Some complemented lattices
In the pentagon lattice N_{5}, the node on the right-hand side has two complements.
The diamond lattice M_{3} admits no orthocomplementation.
The lattice M_{4} admits 3 orthocomplementations.
The hexagon lattice admits a unique orthocomplementation, but it is not uniquely complemented.

Boolean algebras are a special case of orthocomplemented lattices, which in turn are a special case of complemented lattices (with extra structure). The ortholattices are most often used in quantum logic, where the closed subspaces of a separable Hilbert space represent quantum propositions and behave as an orthocomplemented lattice.

Orthocomplemented lattices, like Boolean algebras, satisfy de Morgan's laws:

- (a ∨ b)^{⊥} = a^{⊥} ∧ b^{⊥}
- (a ∧ b)^{⊥} = a^{⊥} ∨ b^{⊥}.

==Orthomodular lattices==

A lattice is called modular if for all elements a, b and c the implication
if a ≤ c, then a ∨ (b ∧ c) = (a ∨ b) ∧ c
holds. This is weaker than distributivity; e.g. the above-shown lattice M_{3} is modular, but not distributive.

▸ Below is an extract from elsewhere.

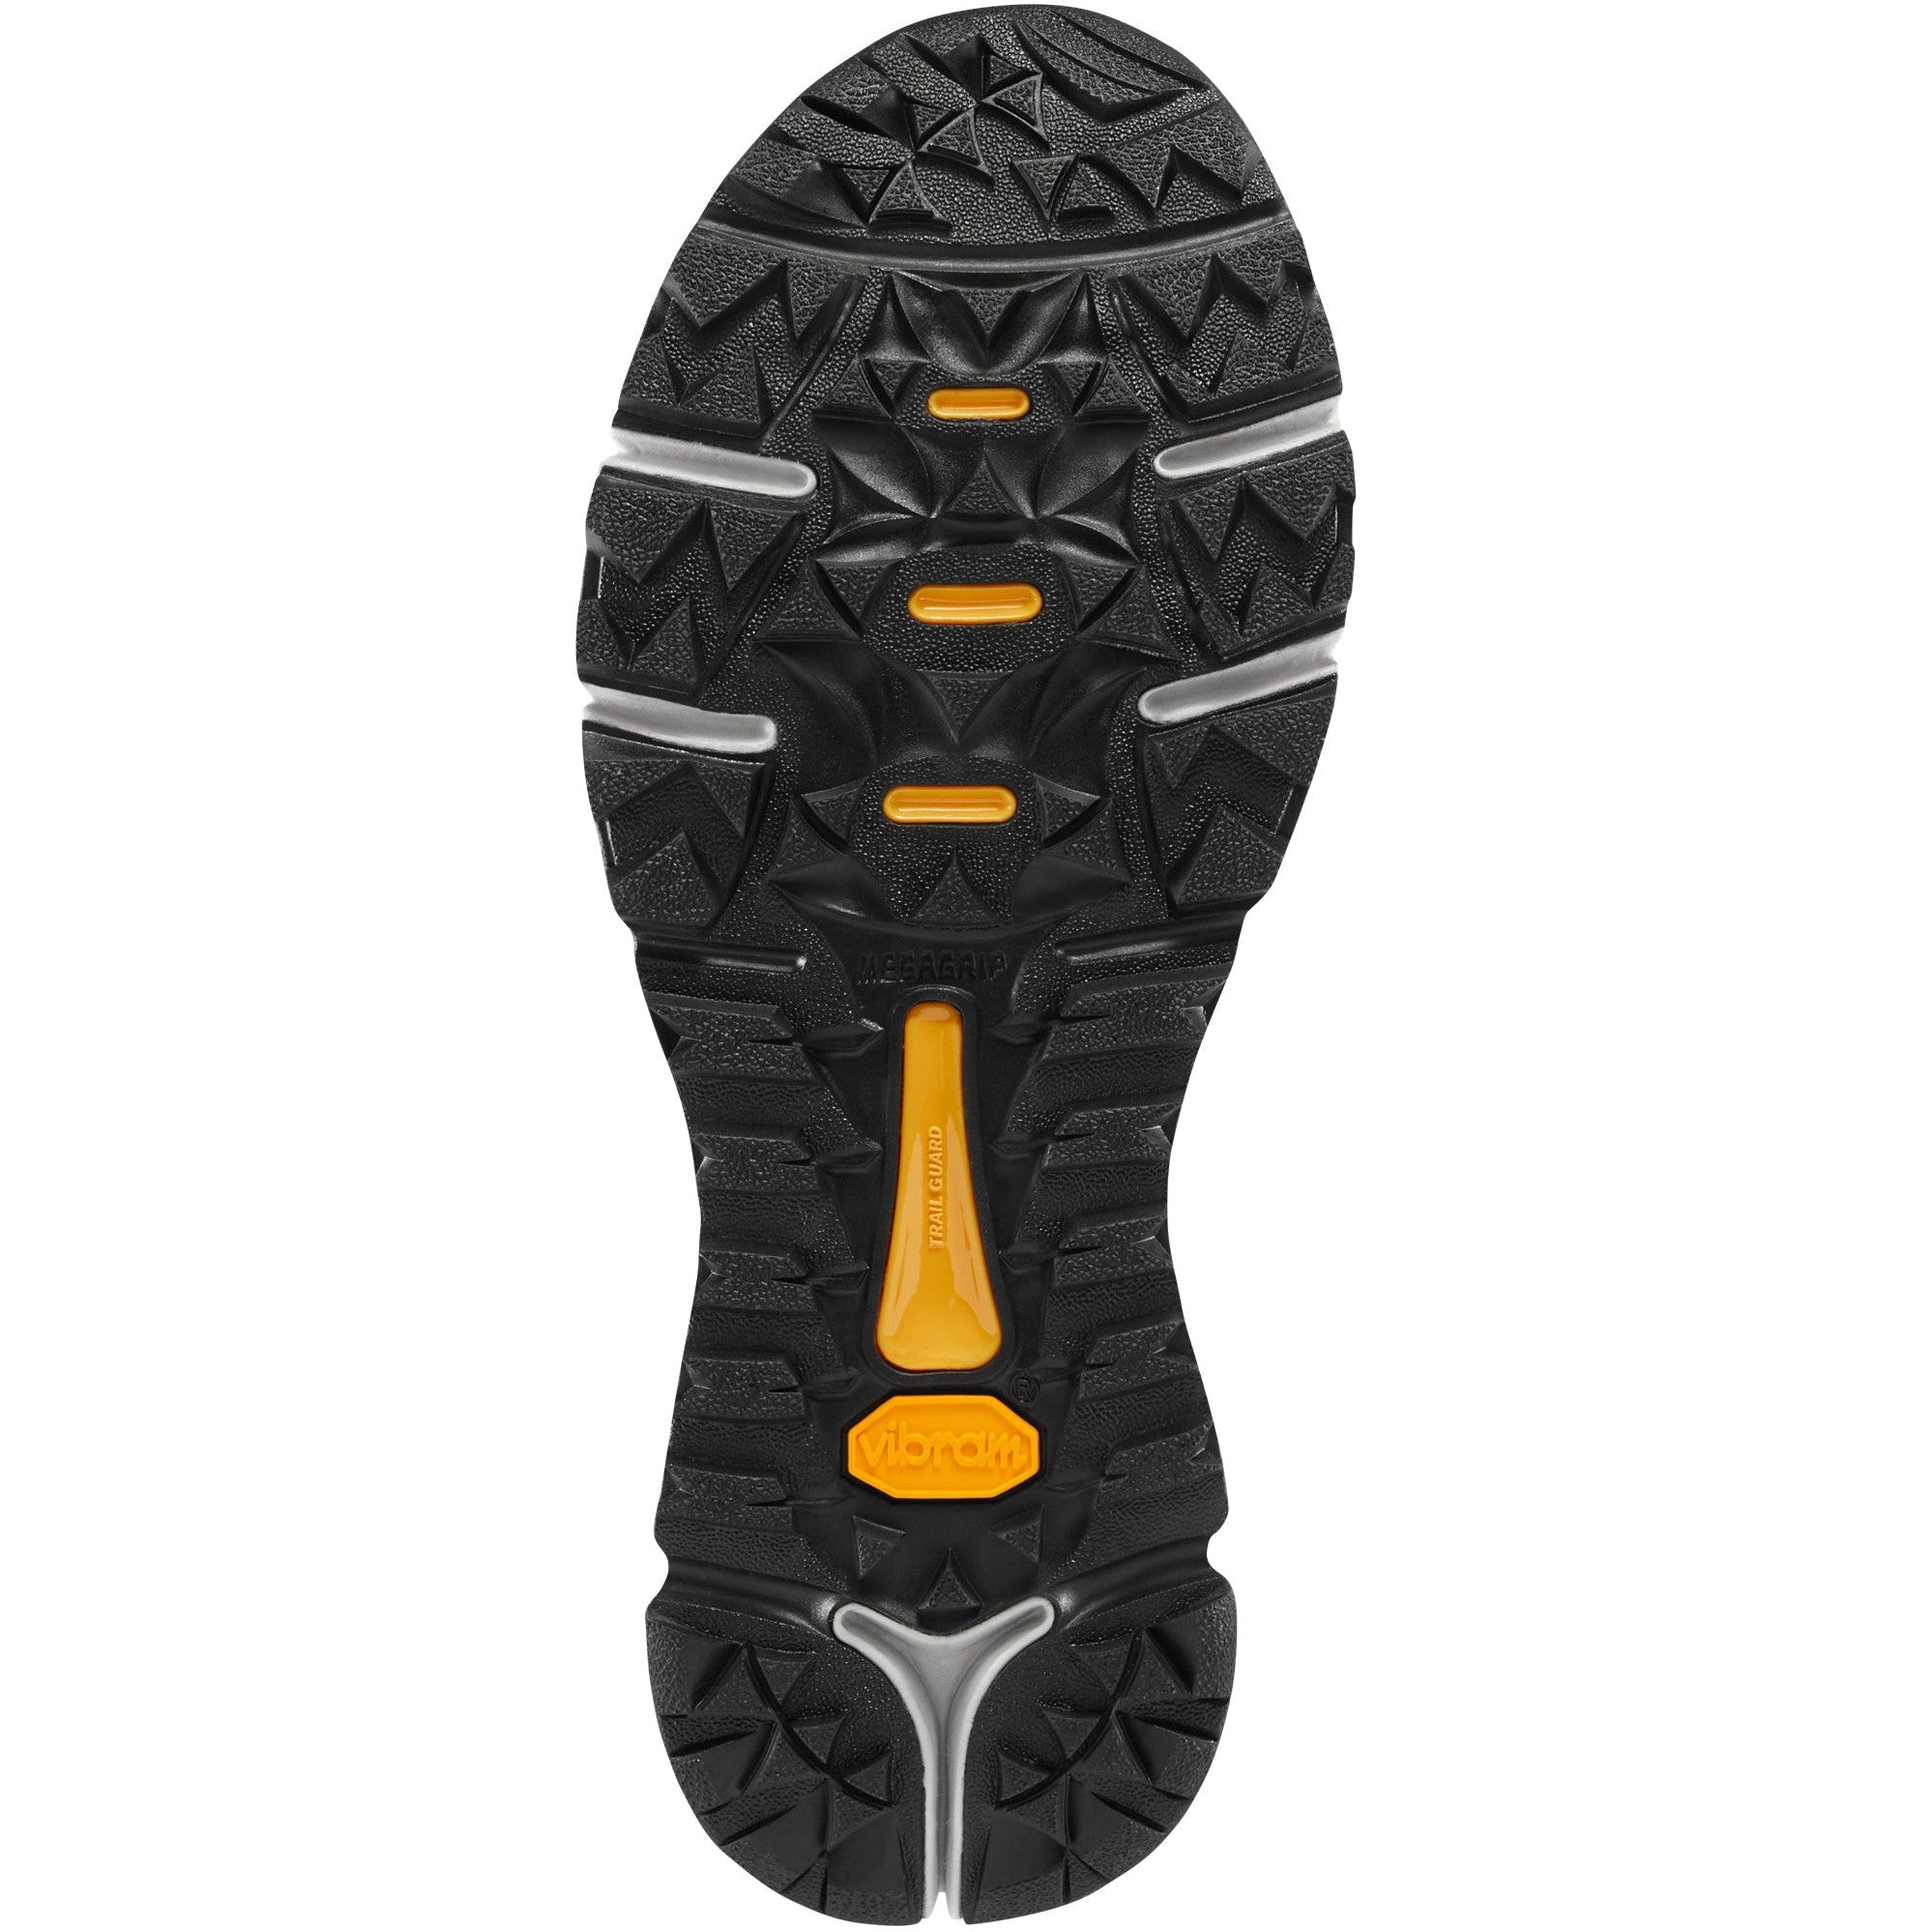 Danner Women's Trail 2650 3" Hiker Shoe - Gray/Blue - 61283  - Overlook Boots

A natural further weakening of this condition for orthocomplemented lattices, necessary for applications in quantum logic, is to require it only in the special case b = a^{⊥}. An orthomodular lattice is therefore defined as an orthocomplemented lattice such that for any two elements the implication
if a ≤ c, then a ∨ (a^{⊥} ∧ c) = c
holds.

Lattices of this form are of crucial importance for the study of quantum logic, since they are part of the axiomisation of the Hilbert space formulation of quantum mechanics. Garrett Birkhoff and John von Neumann observed that the propositional calculus in quantum logic is "formally indistinguishable from the calculus of linear subspaces [of a Hilbert space] with respect to set products, linear sums and orthogonal complements" corresponding to the roles of and, or and not in Boolean lattices. This remark has spurred interest in the closed subspaces of a Hilbert space, which form an orthomodular lattice.